The long- or 32-column table

The modern periodic table is sometimes expanded into its long or 32-column form by reinstating the footnoted f-block elements into their natural position between the s- and d-blocks. Unlike the 18-column form this arrangement results in "no interruptions in the sequence of increasing atomic numbers". The relationship of the f-block to the other blocks of the periodic table also becomes easier to see. Jensen advocates a form of table with 32 columns on the grounds that the lanthanides and actinides are otherwise relegated in the minds of students as dull, unimportant elements that can be quarantined and ignored. Despite these advantages the 32-column form is generally avoided by editors on account of its undue rectangular ratio (compared to a book page ratio), and the familiarity of chemists with the modern form (as introduced by Seaborg).

Tables with different structures

Within 100 years of the appearance of Mendeleev's table in 1869 it has been estimated that around 700 different periodic table versions were published. As well as numerous rectangular variations, other periodic table formats have been shaped, for example, like a circle, cube, cylinder, building, spiral, lemniscate, octagonal prism, pyramid, sphere, or triangle. Such alternatives are often developed to highlight or emphasize chemical or physical properties of the elements that are not as apparent in traditional periodic tables.

A popular alternative structure is that of Theodor Benfey (1960). The elements are arranged in a continuous spiral, with hydrogen at the centre and the transition metals, lanthanides, and actinides occupying peninsulas.

Most periodic tables are two-dimensional; three-dimensional tables are known to as far back as at least 1862 (pre-dating Mendeleev's two-dimensional table of 1869). More recent examples include Courtines' Periodic Classification (1925), Wringley's Lamina System (1949), Giguère's Periodic helix (1965) and Dufour's Periodic Tree (1996). Going one further, Stowe's Physicist's Periodic Table (1989) has been described as being four-dimensional (having three spatial dimensions and one colour dimension).

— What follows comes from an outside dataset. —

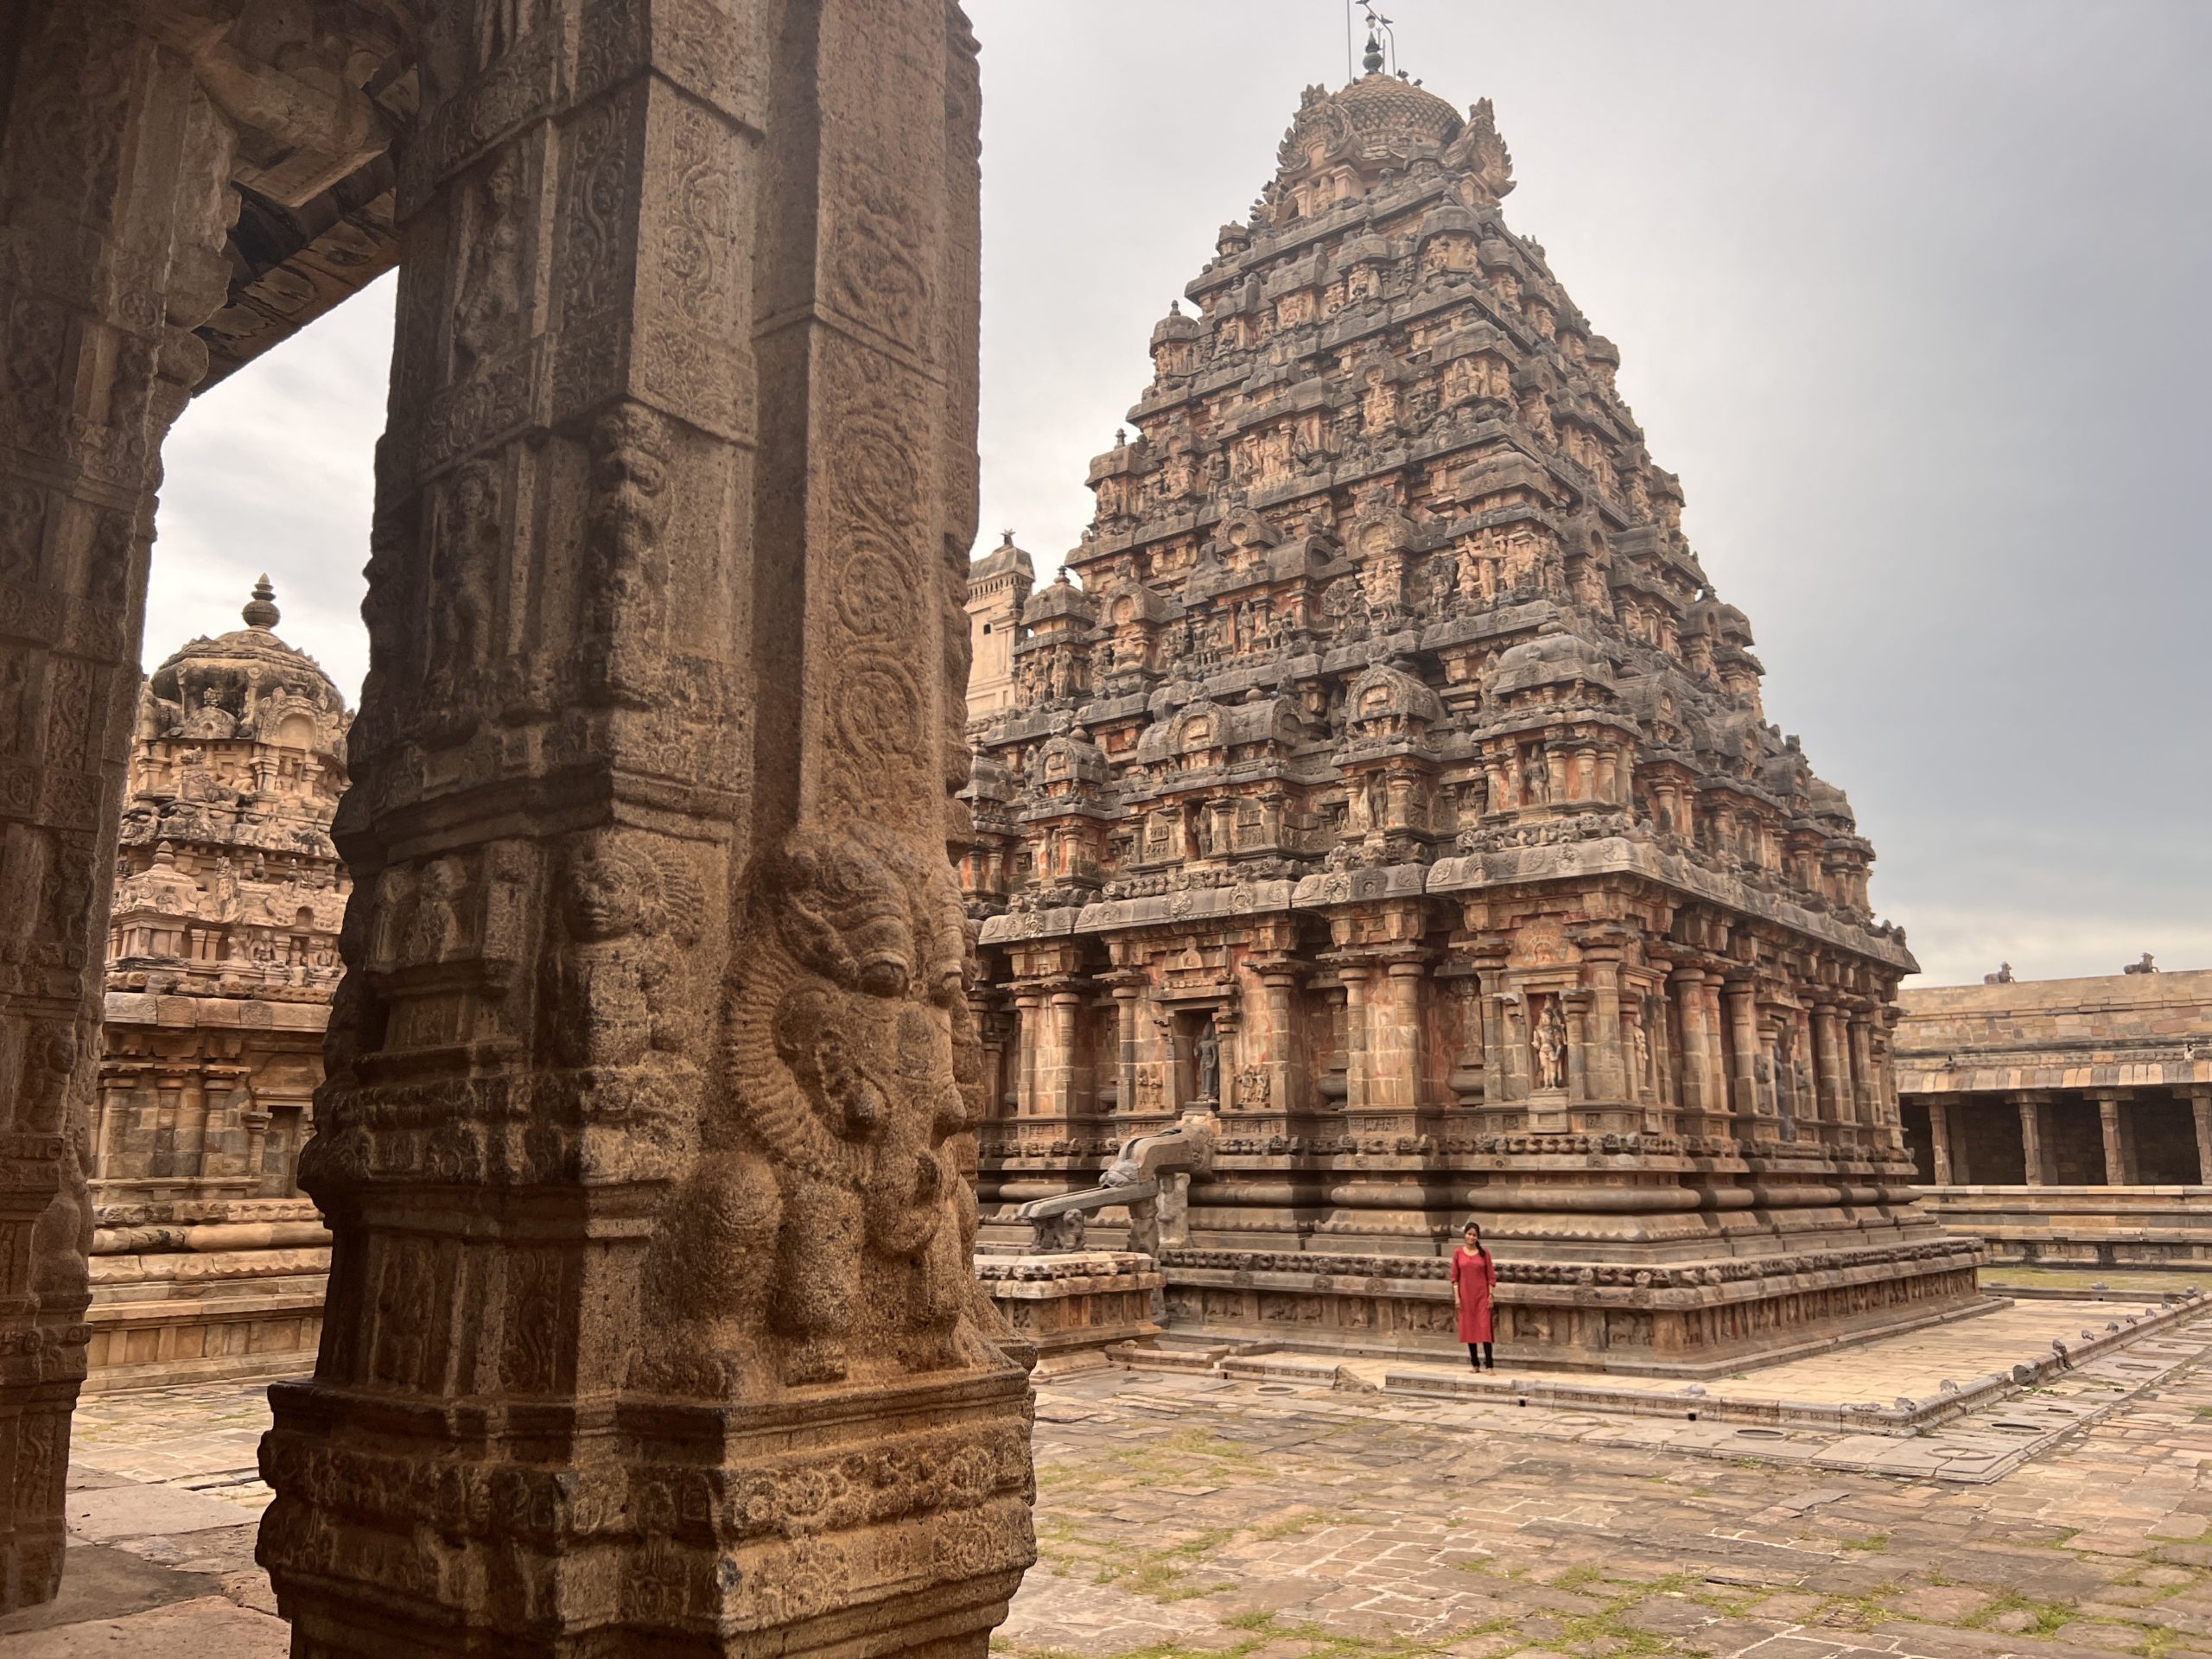 darasuram temple in tamil nadu

The various forms of periodic tables can be thought of as lying on a chemistry-physics continuum. Towards the chemistry end of the continuum can be found, as an example, Rayner-Canham's "unruly" Inorganic Chemist's Periodic Table (2002), which emphasizes trends and patterns, and unusual chemical relationships and properties. Near the physics end of the continuum is Janet's Left-Step Periodic Table (1928). This has a structure that shows a closer connection to the order of electron-shell filling and, by association, quantum mechanics. A somewhat similar approach has been taken by Alper, albeit criticized by Eric Scerri as disregarding the need to display chemical and physical periodicity. Somewhere in the middle of the continuum is the ubiquitous common or standard form of periodic table. This is regarded as better expressing empirical trends in physical state, electrical and thermal conductivity, and oxidation numbers, and other properties easily inferred from traditional techniques of the chemical laboratory. Its popularity is thought to be a result of this layout having a good balance of features in terms of ease of construction and size, and its depiction of atomic order and periodic trends.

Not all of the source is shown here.